Ненавидеть себя начинал в такие моменты. Он мог просто расслабиться, посмотреть глупые передачи, съесть что-то вкусное. А там, в квартире в паре кварталов от него, была его дочь, которая умирала с каждой секундой.
Часто, когда приезжал домой, ему становилось невмоготу сразу, стоило только войти в кухню, включить телевизор, плеснуть себе коньяка и достать из морозилки пиццу.
Видел, что Ольга сдаётся, видел, что смиряется. Видел, что слушает врачей, которые разводят руками, что говорит с психологами, психотерапевтами и бог ведает кем ещё, смаргивает слёзы, улыбается, будто приговорённый к казни, идущий на плаху. Но смиряется.
Когда только понял, что Лина больна, он метался, как загнанное в ловушку животное. Жить не хотелось и дышать не хотелось тоже, но тогда он верил, что всё можно исправить. Можно спасти дочь. И ради неё он жил и дышал. Какие круги ада они с Ольгой, матерью Лины прошли в то время… сколько всего перепробовали, до какой степени отчаяния доходили в своих бесконечных поисках…
Всё неизменно оканчивалось так, как окончилось и сегодня.
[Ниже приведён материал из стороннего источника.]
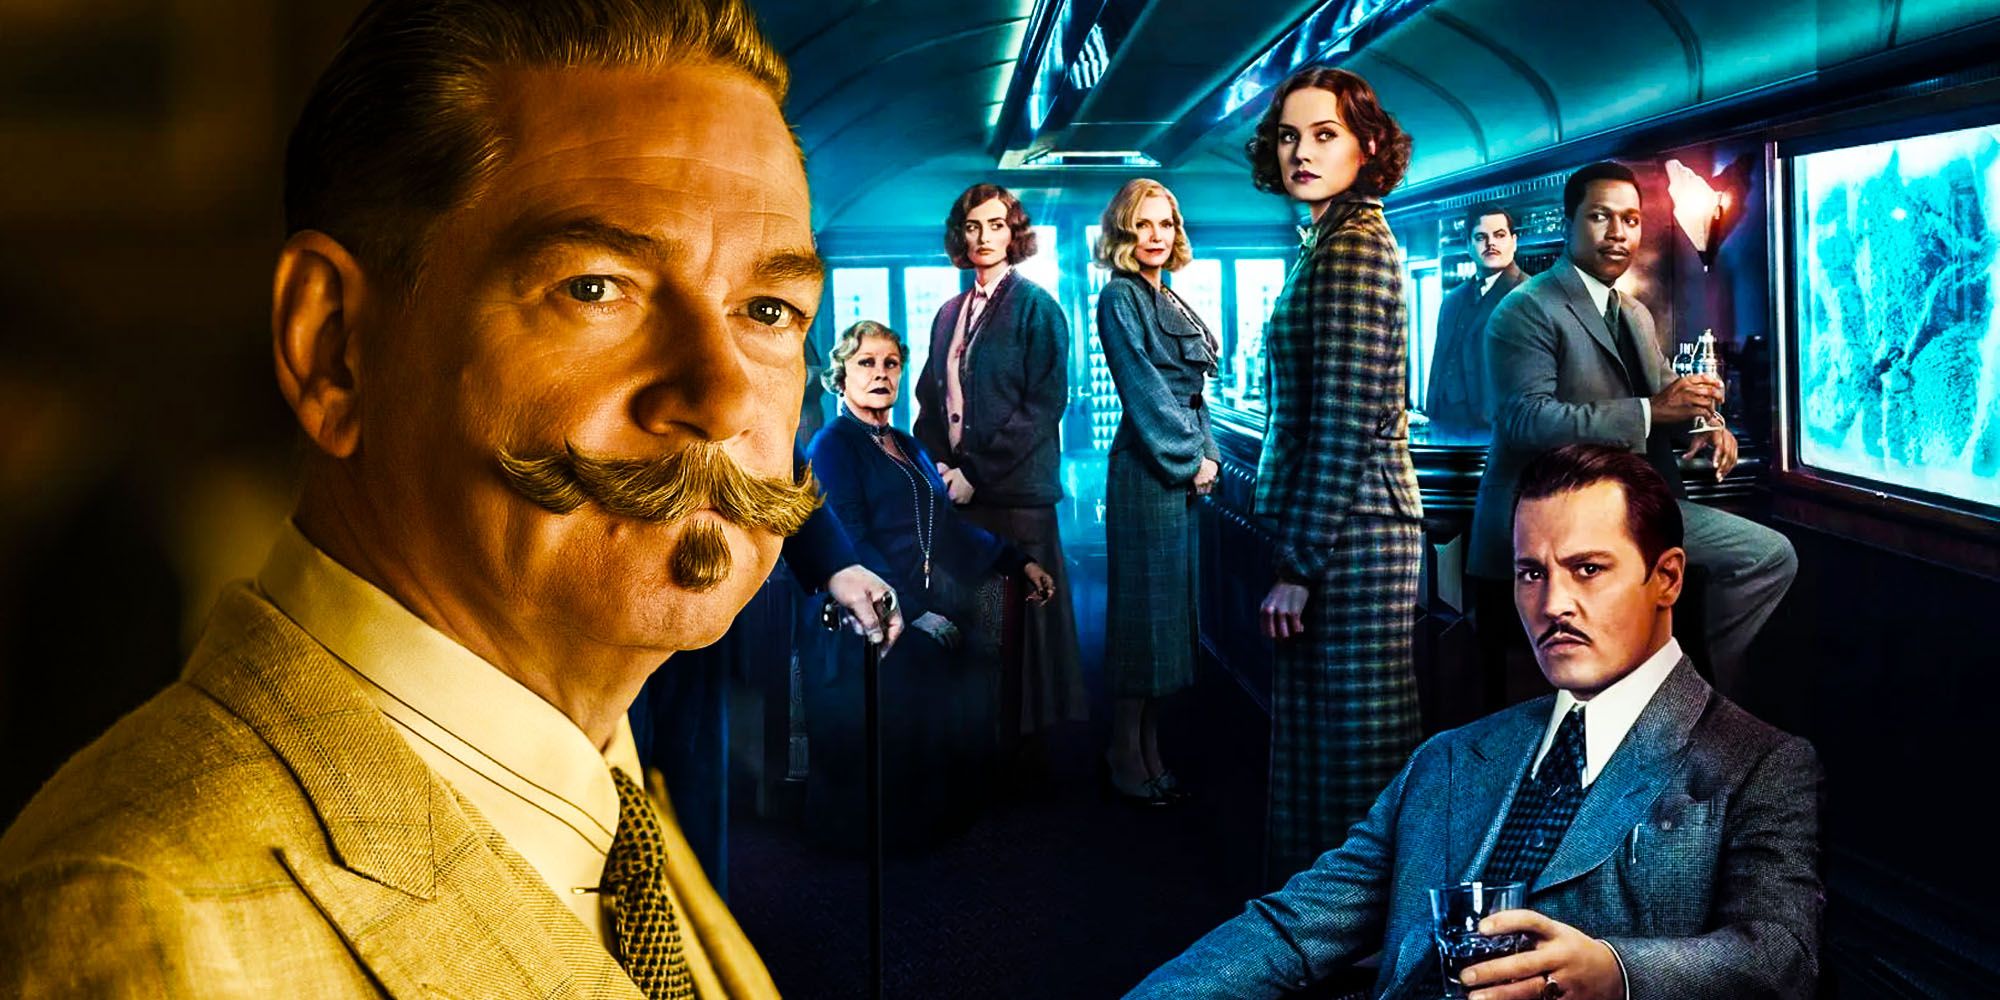 Death on the nile retcons murder on the orient express ending
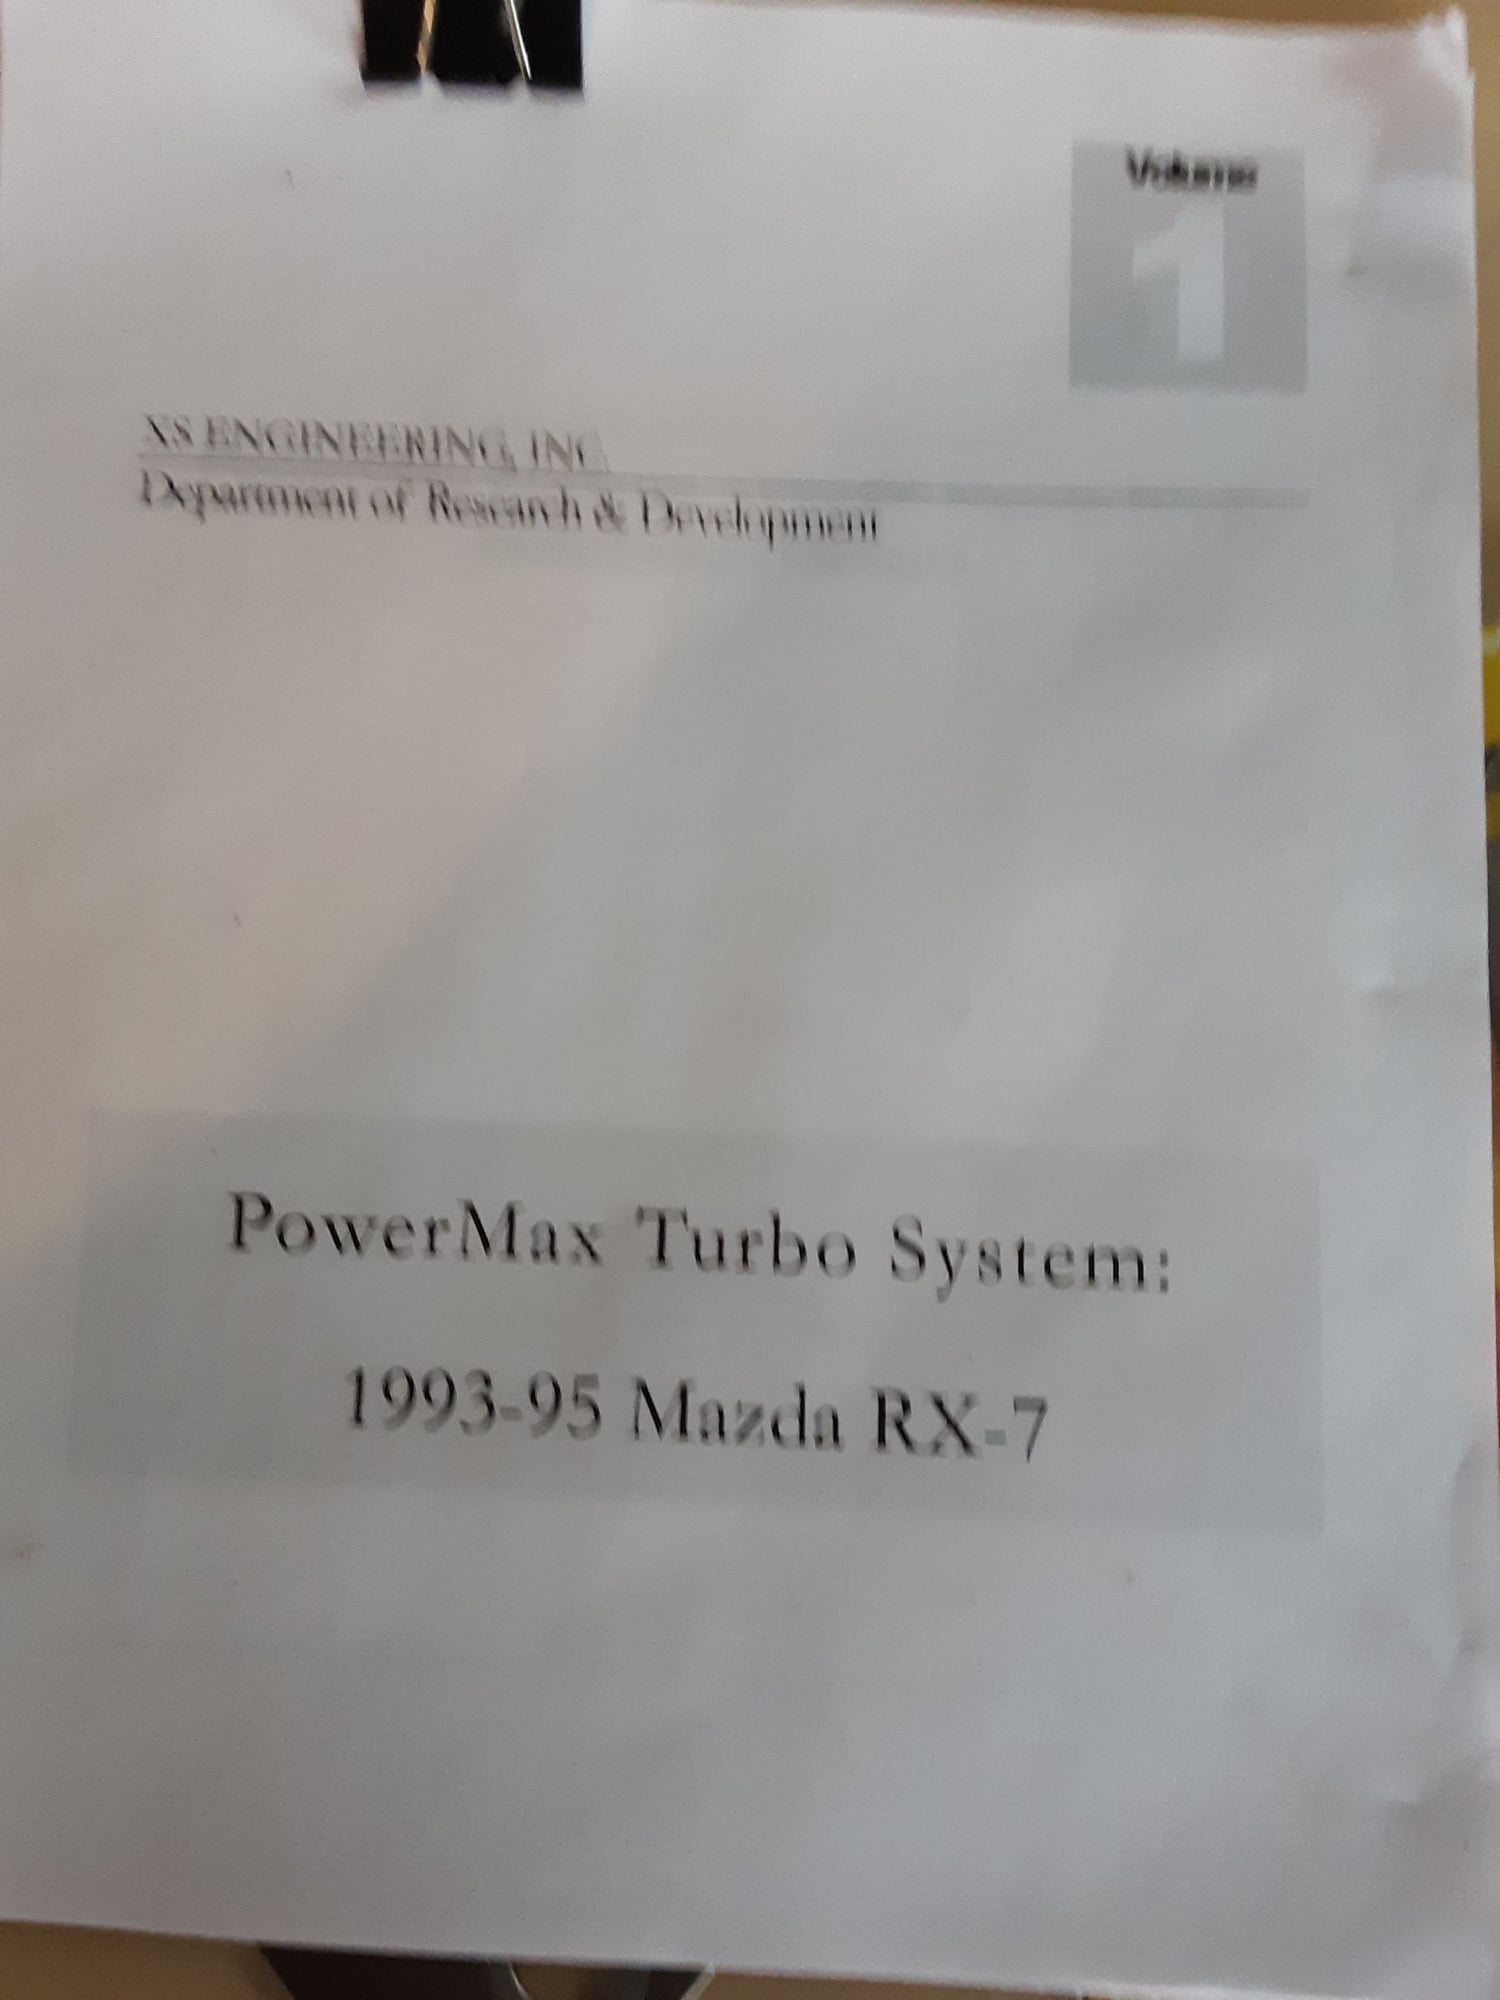 Engine - Power Adders - Power Max Turbo system - Used - 1993 to 1995 Mazda RX-7 - Apollo Beach, FL 33572, United States

Фразами вроде: «Давай потом, пап» или «Я устала, позже поговорим». И злостью. Не на Лину, а на то, что он был невластен над ситуацией.
– Мась, ты тоже так можешь, слышишь? – болезненно-лихорадочно проговорил он то, что много раз уже звучало в разговорах с дочерью. – Хочешь, я с ней поговорю? Она к тебе придёт, поболтаете, м? Ну же…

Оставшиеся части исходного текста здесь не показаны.